RedEyesBlackGamer said:
Eclectic Dreck said:
Games For Windows is their black eye in this. People hate that service. Microsoft wasn't going into this with a clean slate in terms of digital services. They have one and no one likes it. So why should people be excited about a new platform where they hold all the dice? This was compounded my their horrible PR covering the Xbox One. No one knew anything concrete and sources would contradict each other. That just added fuel to the fire. They are the company that charged a 50$ fee for full use of their digital platform on their console when their competitors offered theirs for free. Why should people have trusted Microsoft not to take advantage of the situation? It is supposition to say that they would have copied their mistakes for Games For Windows. It is also supposition to say that they would have turned out a service to rival Steam.
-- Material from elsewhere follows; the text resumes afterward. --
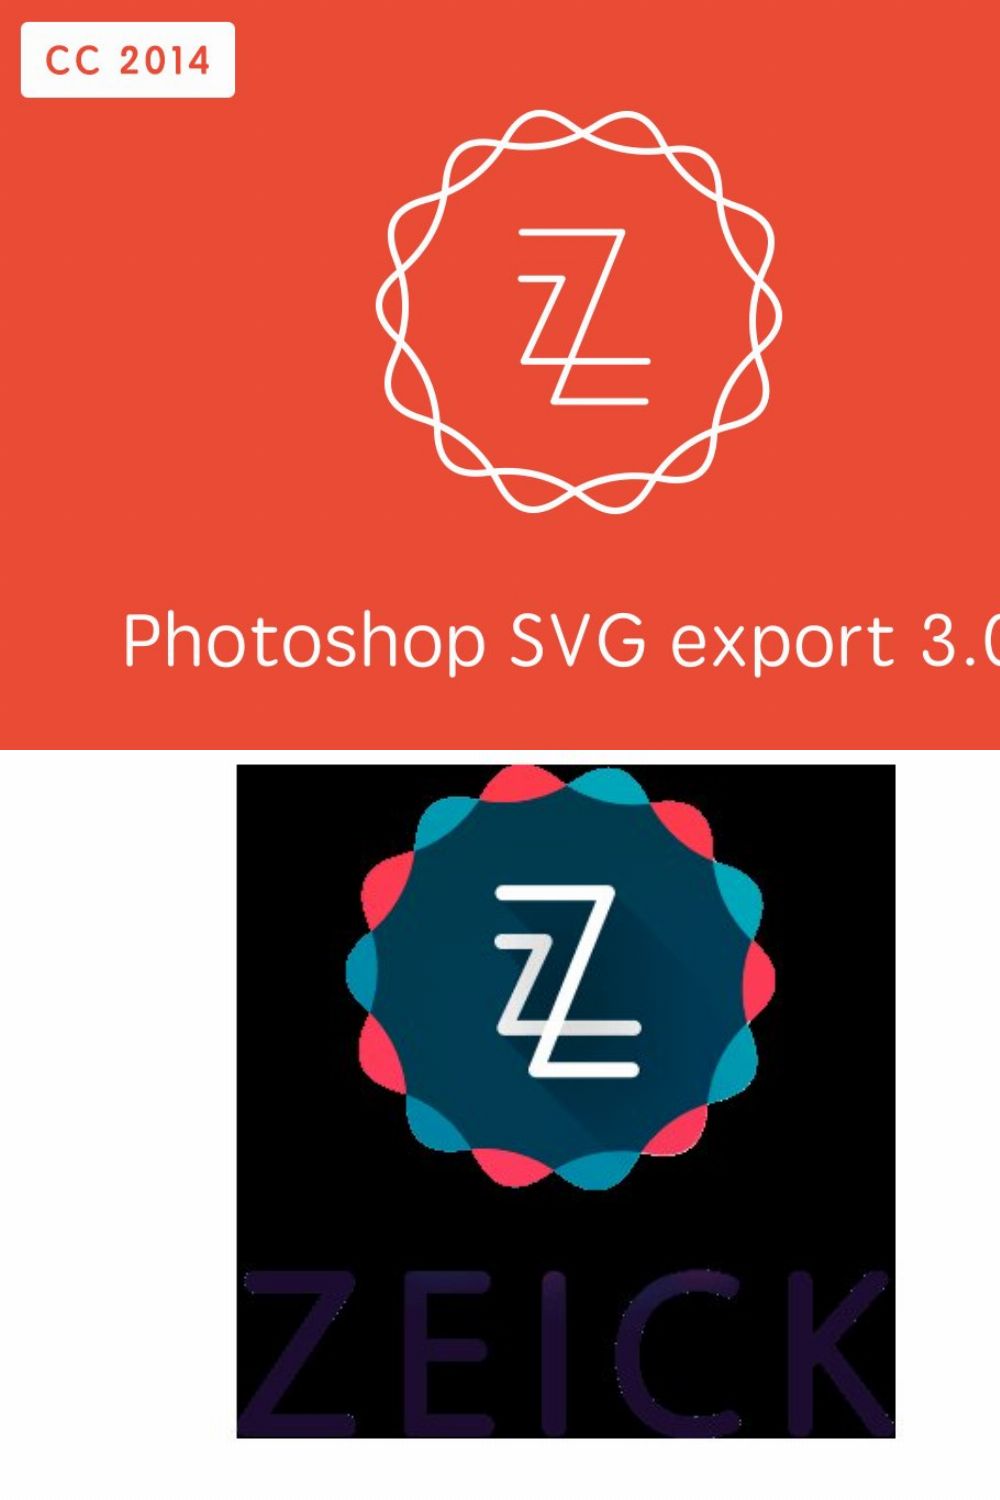 Zeick - Photoshop SVG export 5% OFF pinterest preview image.

The used games angle was largely secondary to the always-online requirement. That burned the bridge before they even started to try to cross it. The always-online requirement, their horrendous PR, and their spotty track record all combined to create a situation where they couldn't win with their current product.
The supposition I make is actually
predicated upon the notion that Microsoft would attempt to maximize their profits. If Valve and various studios along the way are to be believed, the sales result in an
increase in profits for them. Combine that with the fact that the end game would be utterly divorcing game sales from retail chains, a move which frees them to freely modify their prices as they see fit in order to maximize a return, and you have the core of the argument.
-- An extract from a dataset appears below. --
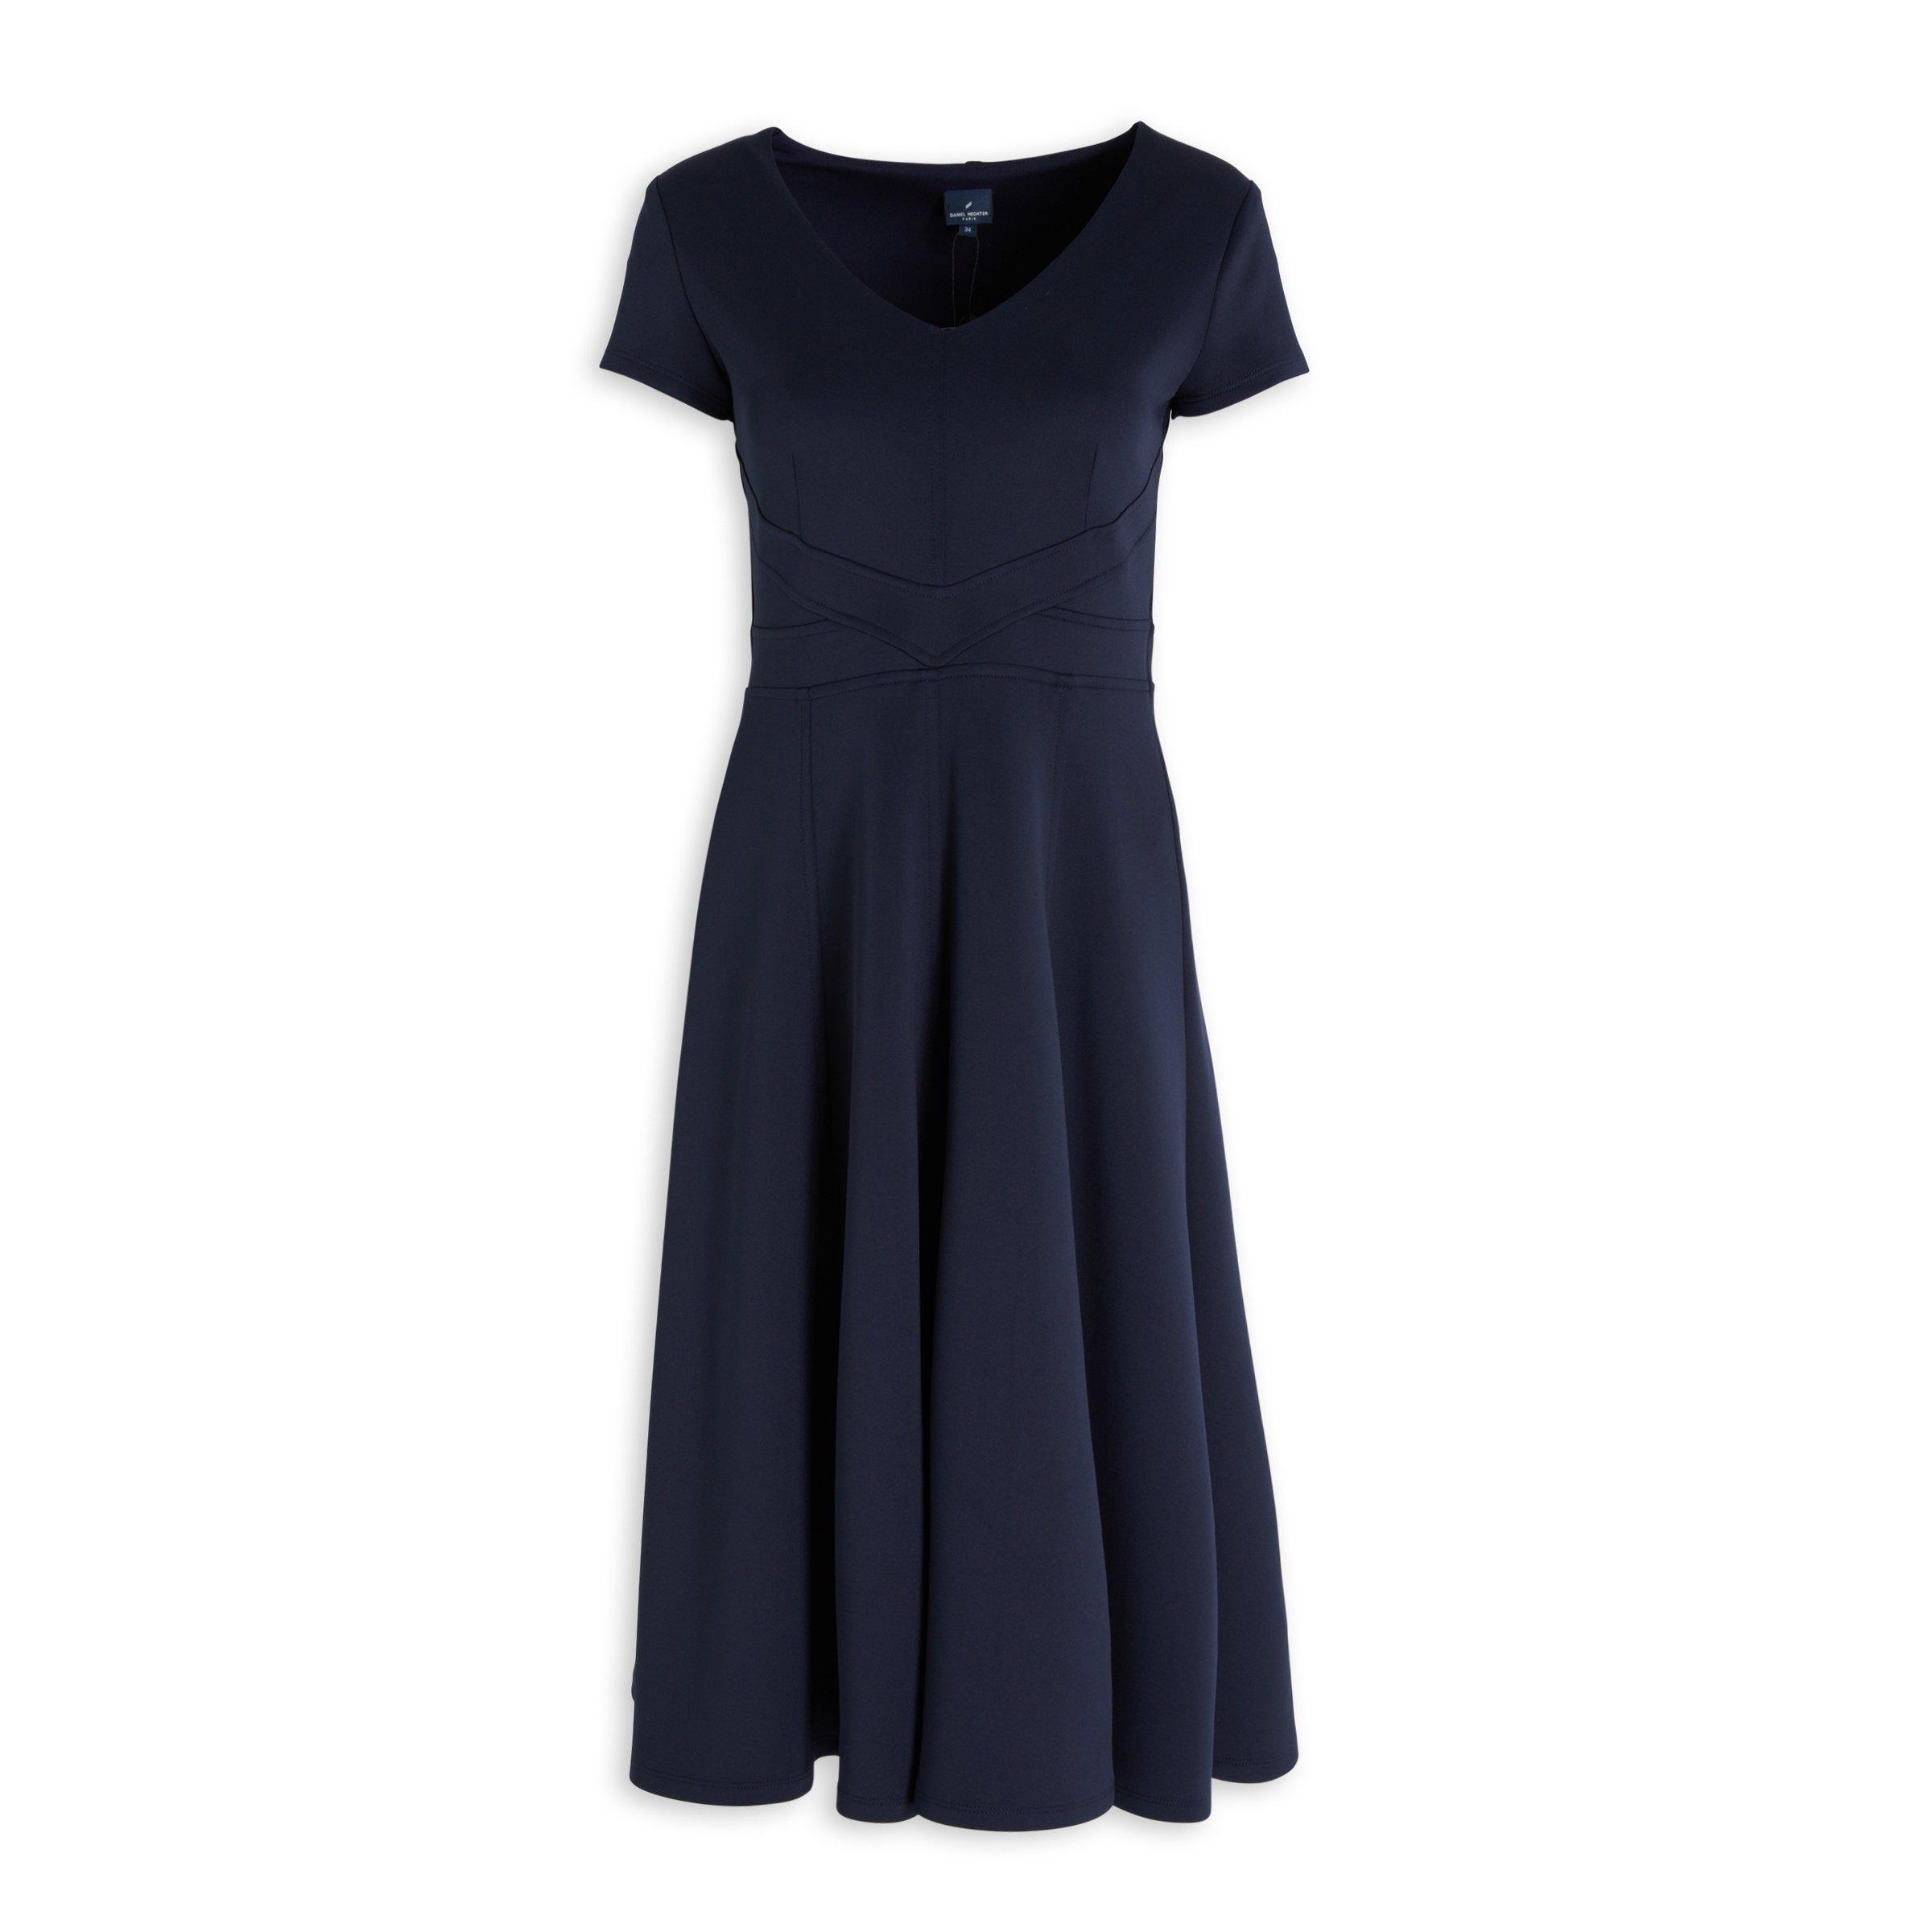 Navy fit and flare dress, ERRE, Made n South Africa

Though, your post does shed some amount of light on part of Microsoft's real problem. I can point out any number of things wrong the current system and find things that were good about the proposal but that pales in the face of the fact that the new system was
different. Microsoft of all companies should know just how hard it is to sell someone on
anything different - see the launches for Windows, Windows 95, Windows Vista, Office 2007, Office 2013 and so forth. Each was met with a violent backlash and in cases were it was not carefully managed (Windows Vista) they were forced to eventually resort to a scorched earth solution. Microsoft simply handled the Xbox one announchement as badly as possible. Even if they came to the public with something
unambiguously good, they still would have garnered a negative reaction if they had as confused and clueless a message as this.
The cloud bit is, perhaps, the best example. They simply limply waved at the notion of cloud - something they do a lot these days. Yet in my day to day life (I work in IT), I have to regularly explain what the cloud is to people; few, it would seem, actually know anything about the idea the word is supposed to represent. That Microsoft offered no useful answer as to what they were going to do with the service (any details on that front came from third parties) while simultaneously pointing to it as a key advantage was a failure of messaging so complete that entire product lines have failed for less.